Skimming Stone vs Zinc yellow
Skimming Stone (Farrow & Ball) and Zinc yellow (RAL Classic) come from different manufacturers. Hue-wise, Skimming Stone belongs to the beige-greige family and Zinc yellow to the beige-yellow family. The 4-point LRV gap — 68 for Skimming Stone vs 64 for Zinc yellow — means Skimming Stone will open up a space more effectively. A ΔE of 69.4 puts these firmly in different territory — two distinct design choices rather than close alternatives. Below you'll find 1 real-room photo comparison where both colors appear side by side, plus 5 simulated room previews.
Skimming Stone vs Zinc yellow in Real Spaces
1 real room side by side. Seeing Skimming Stone and Zinc yellow in actual rooms makes the difference concrete; browse the spaces below to get a feel for how each color lives on a wall.
Living Room
A living room wall sees more varied light than almost any other surface in the house, which makes the choice between these two more nuanced than a chip suggests.
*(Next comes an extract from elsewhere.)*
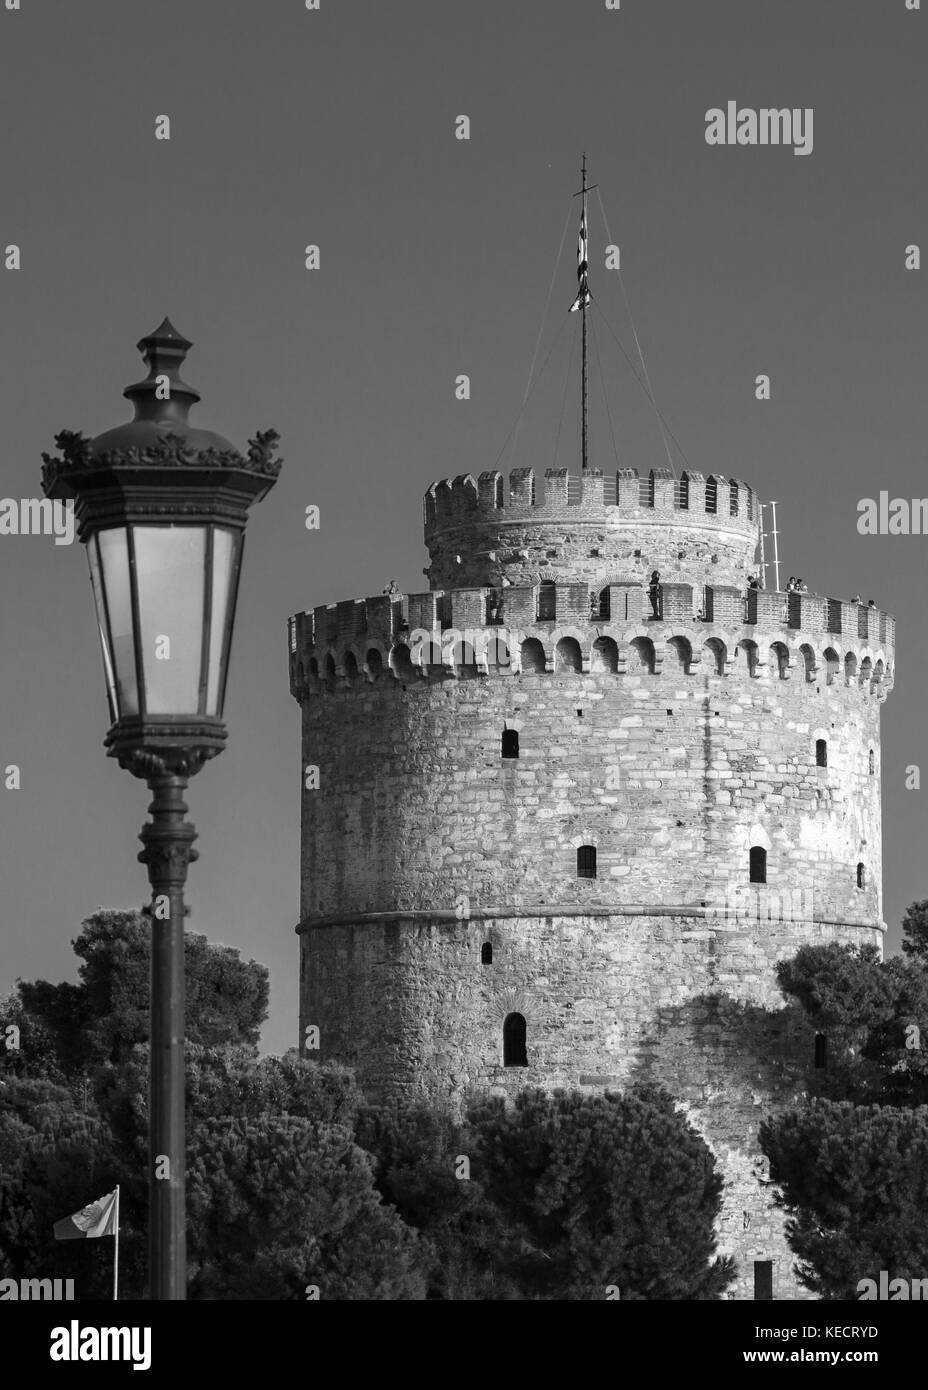 B&w un urbain lanterne en métal avec une seule lampe seulement contre un ciel clair et des principales attractions de la ville de la tour blanche, Grèce, Thessalonique Banque D'Images

Skimming Stone reads slightly lighter here — a subtle but real difference in how open the space feels.
Color Details
Skimming Stone vs Zinc yellow Simulated Comparison
5 simulated room previews — drag the slider on each to see Skimming Stone on one side and Zinc yellow on the other.
Digital color is approximate. These simulations are generated from the manufacturer's hex values and overlaid on grayscale room photos — your screen's calibration, brightness, and viewing angle all affect how they render. Before committing to either color, test physical samples in your own space under the light you actually live with.
More Skimming Stone comparisons
See how Skimming Stone stacks up against other well-photographed colors across different brands and tones.